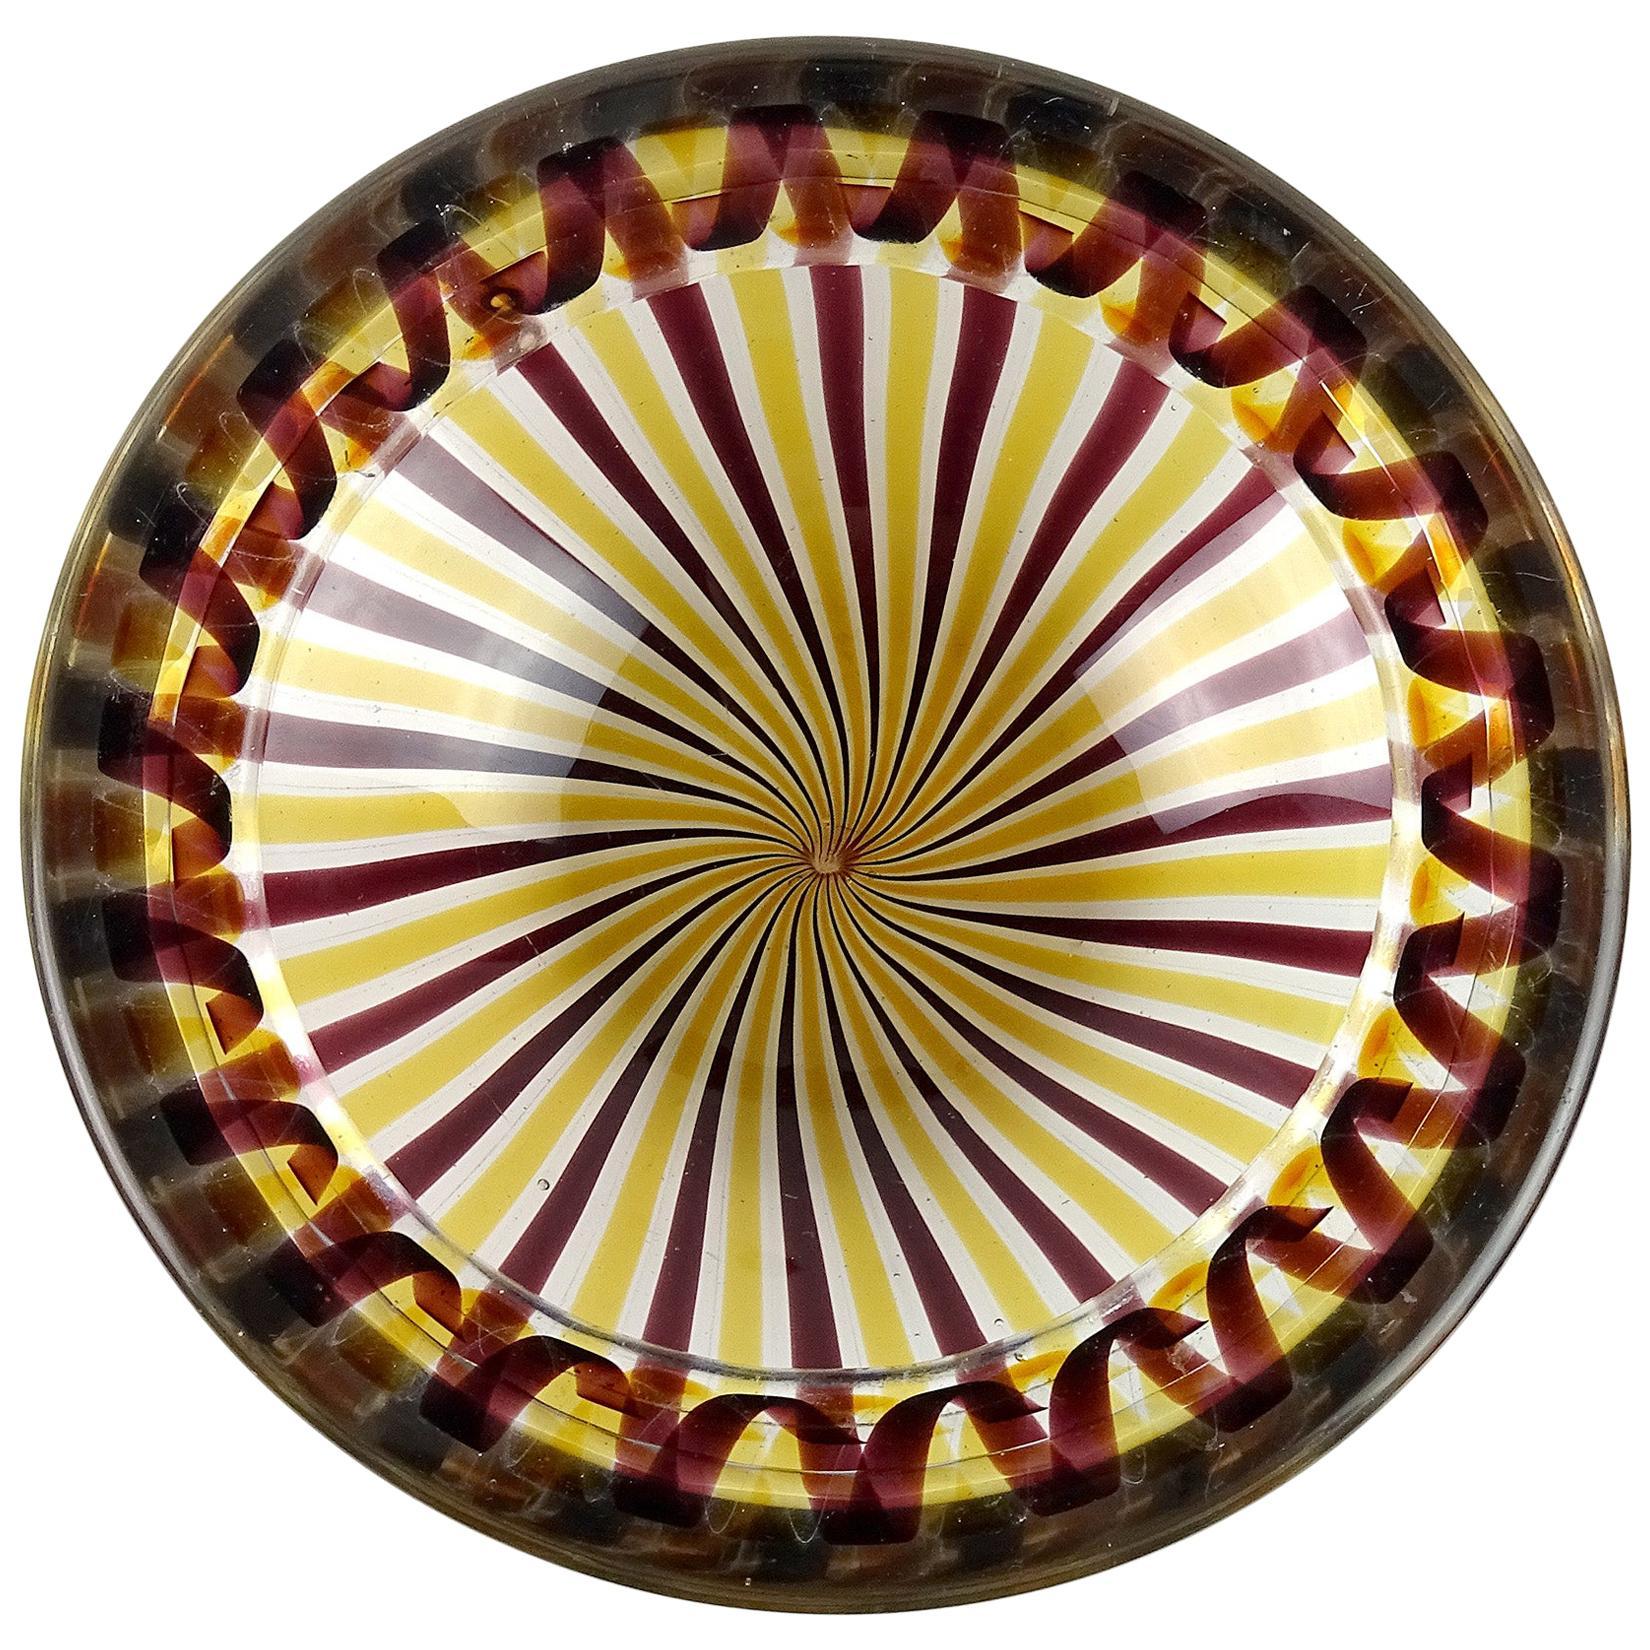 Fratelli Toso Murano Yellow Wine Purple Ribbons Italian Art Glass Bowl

...

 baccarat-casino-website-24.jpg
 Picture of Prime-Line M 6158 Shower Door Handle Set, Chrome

» What you have to do: Print only what lies in the material above starting at the line with "baccarat-casino-website-24.jpg" and ending at the line with "Picture of Prime-Line", every line exactly as given.

» Output of the exercise:
 baccarat-casino-website-24.jpg
 Picture of Prime-Line M 6158 Shower Door Handle Set, Chrome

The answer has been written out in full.